1902 Encyclopedia > Napoleon I > Early Life of Napoleon

Early Life of Napoleon




The family Bonaparte (written by Napoleon’s father and by himself down to 1796 Bounaparte, though the other spelling occurs in early Italian documents) was of Tuscan origin. A branch of it was settled in Corsica at least as early as the 16th century, from which time the Bonapartes appear as influential citizens of Ajaccio. They had an ancient title of nobility from the Genoese republic, and Napoleon’s grandfather obtained letters of nobility also from the grand-duke of Tuscany. They had therefore the right to sign De Buonaparte, but ordinarily dropped the preposition of honor. Charles Marie de Buonaparte (born in 1746, studied law at the university of Pisa, where he took his doctro’s degree in 1769) married at the age of eighteen Letitia Ramolino, who was not quite fifteen. The lady had beauty, but apparently neither rank nor wealth.

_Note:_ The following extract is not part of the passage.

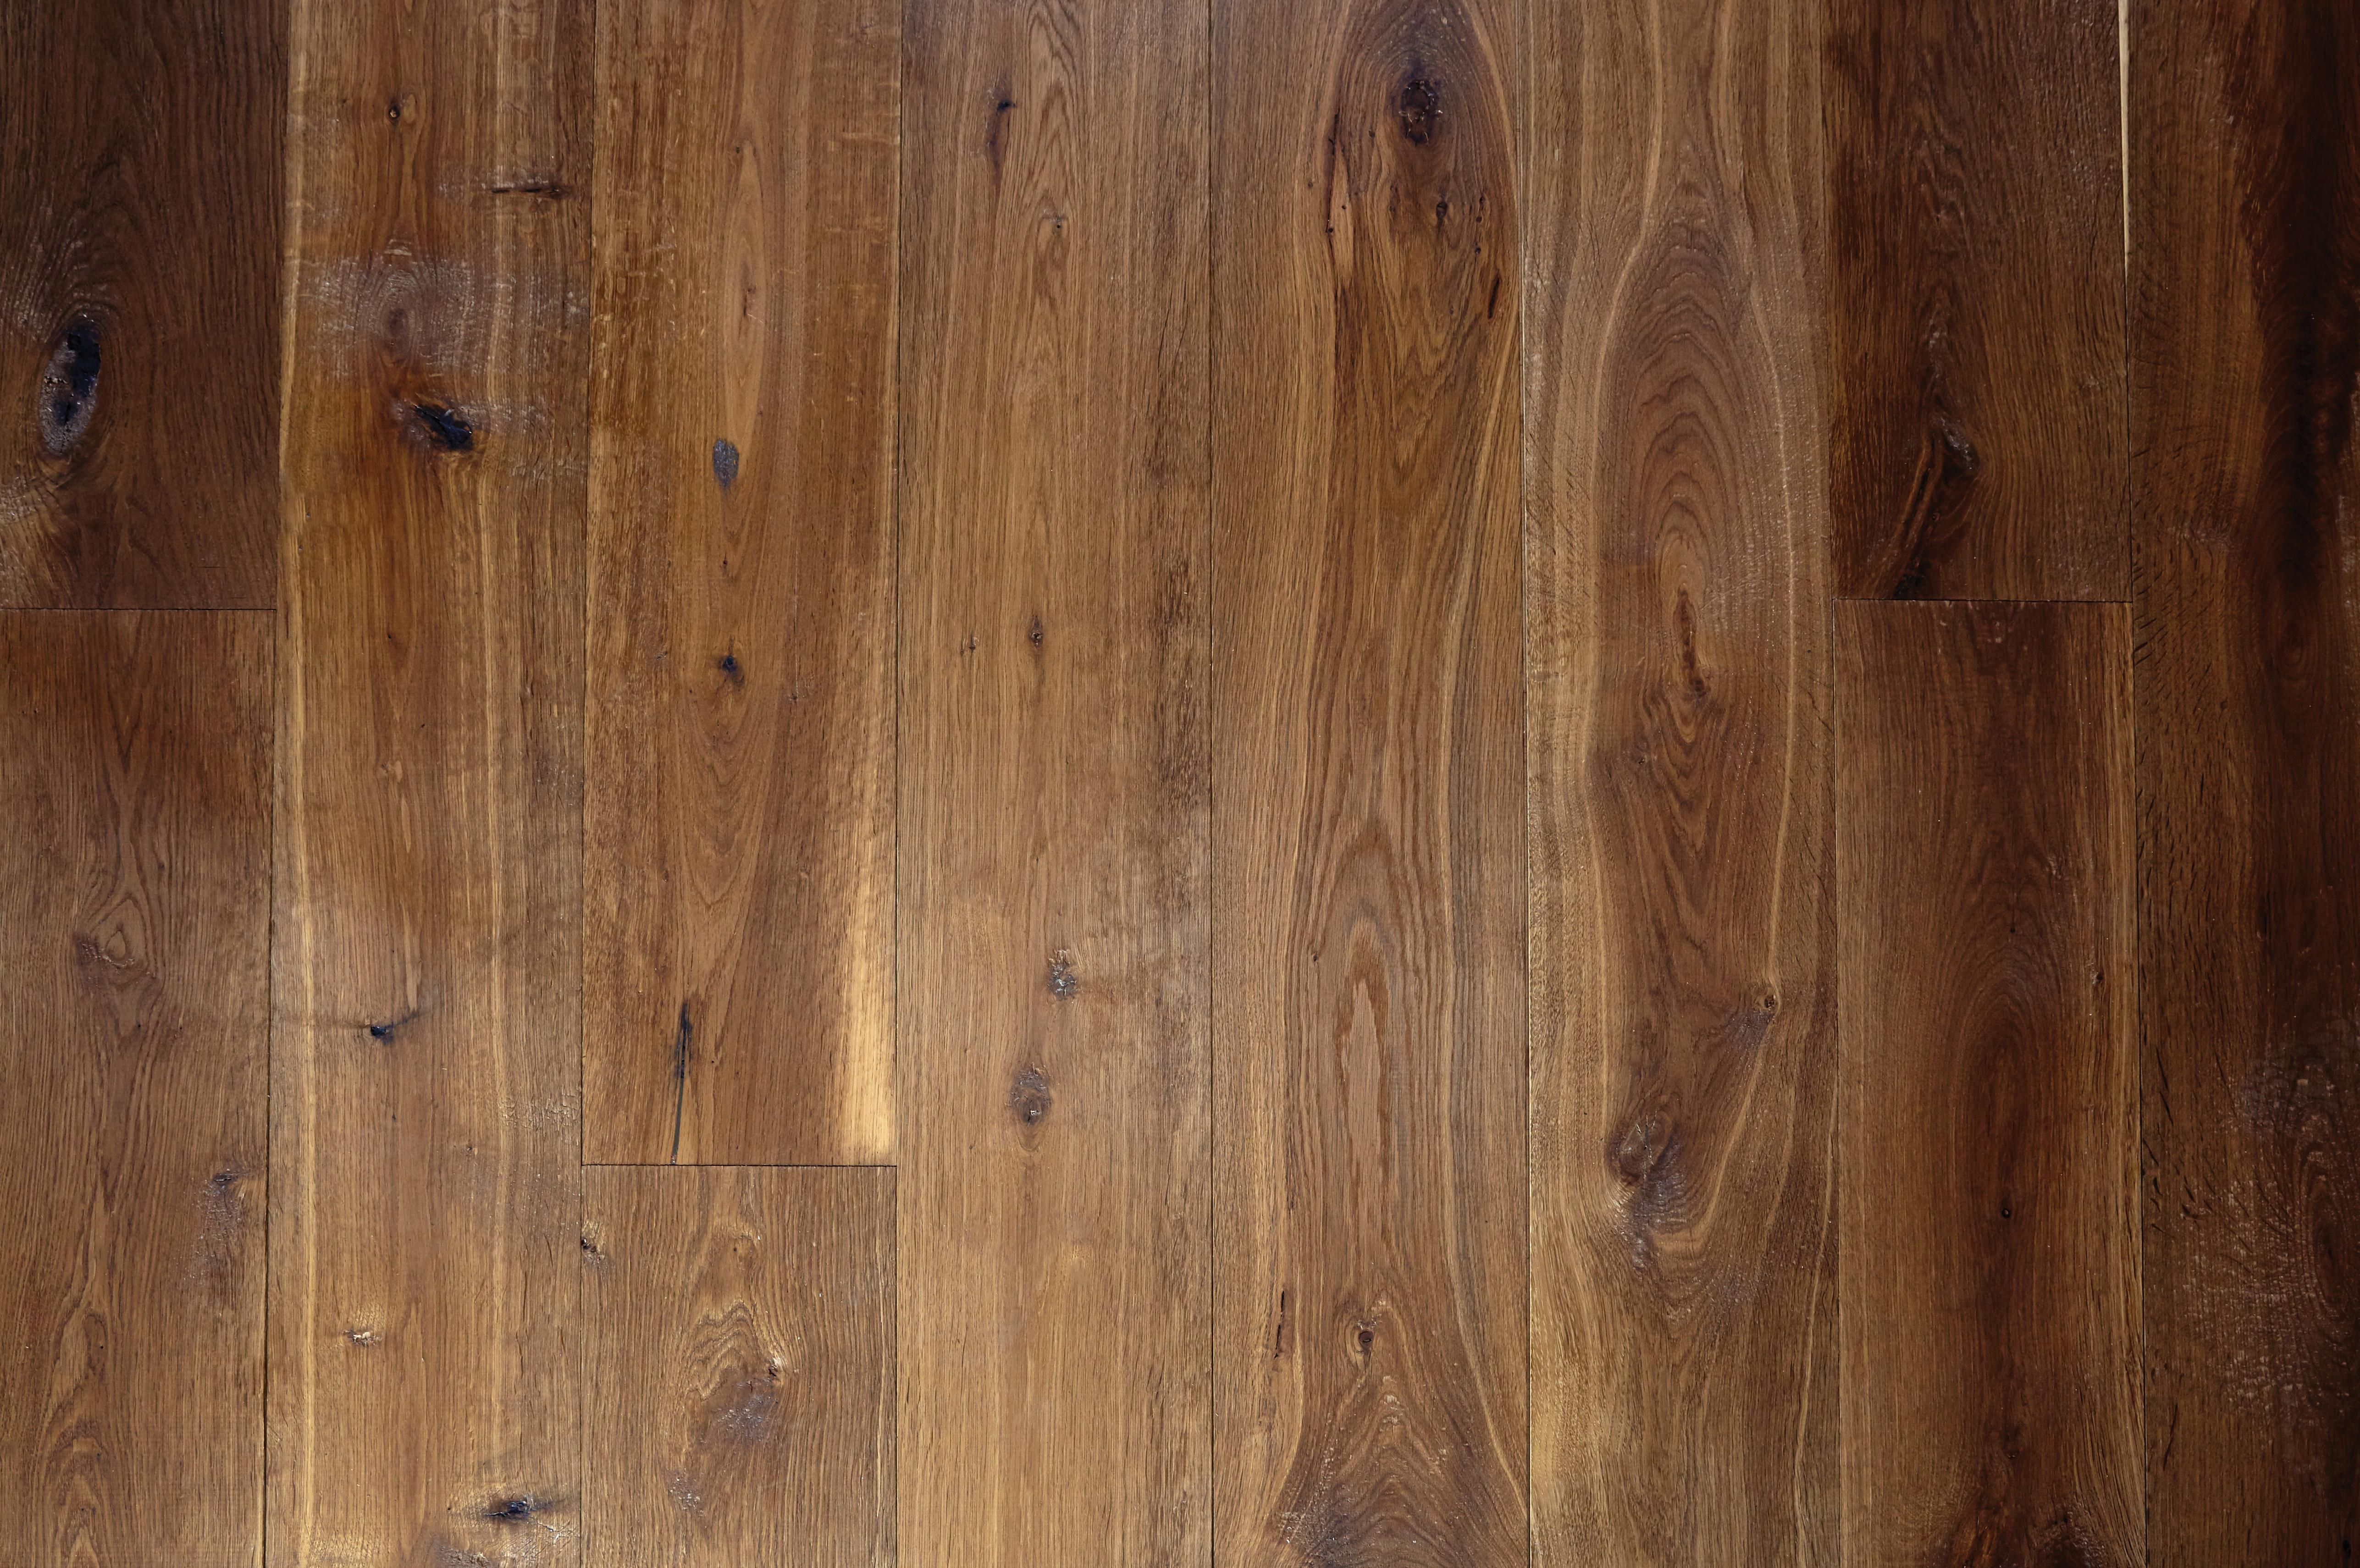 Charming Chicago Hardwood Flooring Specialties Part - 11: Read More

In the children of this marriage the father, a somewhat indolent Italian gentleman with a certain taste for literature, seems traceable in Joseph, Jerome, and partly also in Lucien; the energy of which Lucien had a share, which caroline also displayed, and which astonished the world in Napoleon, seems attributable to the Corsican blood of the mother. Thirteen children were born, of who eight grew up. The list is follows: - Joseph king, first of naples, then of Spain), Napoleon, Lucien, Eliza (Princess Bacciochi), Pauline (married, first to General Leclerc, afterwards to Prince Borghese), Caroline (married to Murat, became queen of Naples), Louis (king of Holland), Jerome (king of Westphalia). Of these the eldest was born in 1768, the youngest in 1784. See Bonaparte.

Besides his brothers and sisters, Napoleon raised to importance Joseph Fesch, half-brother of his mother, a Swiss on the father’s side, who was afterwards known to the world as Cardinal Fesch.

The accepted opinion is that Napoleon was born at Ajaccio on August 15, 1769. This opinion rests indeed on the positive statement of Joseph Bonaparte, but it is certain from documents that on January 7, 1768, Madame Letitia bore a son at Corte, who was baptized by the name of Nabulione. And even in legal documents we find contradictory statements about the time and place of birth, not only of Napoleon, but also of Joseph. All difficulties disappear at once if we suppose that Napoleon and Nabulione were one and the same, and that Joseph was really the second son, whom the parents found it convenient to pass off as the first-born. This they may have found convenient when, in 1779, they gained admission for a son to the ,military school of Brienne. A son born in 1768 would at that date be inadmissible, as being above ten years of age. Thus it is conceivable that Napoleon was introduced by a fraud to that military career which changed the face of the world. Nevertheless it is certain from Lucien’s memoir that of such a fraud nothing was known to the younger members of the family, who regarded Joseph as without doubt the eldest.

After passing two or three months in a school at Autun for the purpose of learning French – he had hitherto been a thorough Italian- Napoleon entered Brienne on April 23, 1779, where he remained for more than five years, and then in September 1784 passed, as "cadet-gentilhomme," into the military school of Paris. In the next year, 1785, he obtained his commission of lieutenant in the regiment La Fere, stationed at Valence. He had already lost his father, who, undertaking a journey to France on business, was entertained at Montpellier in the house of an old Corsican friend Madame Permon, mother of the celebrated memoir-writer Madame Junot, and died there of the disease which was afterwards fatal to Napoleon, on February 25, 1785, at the age of thirty-eight years.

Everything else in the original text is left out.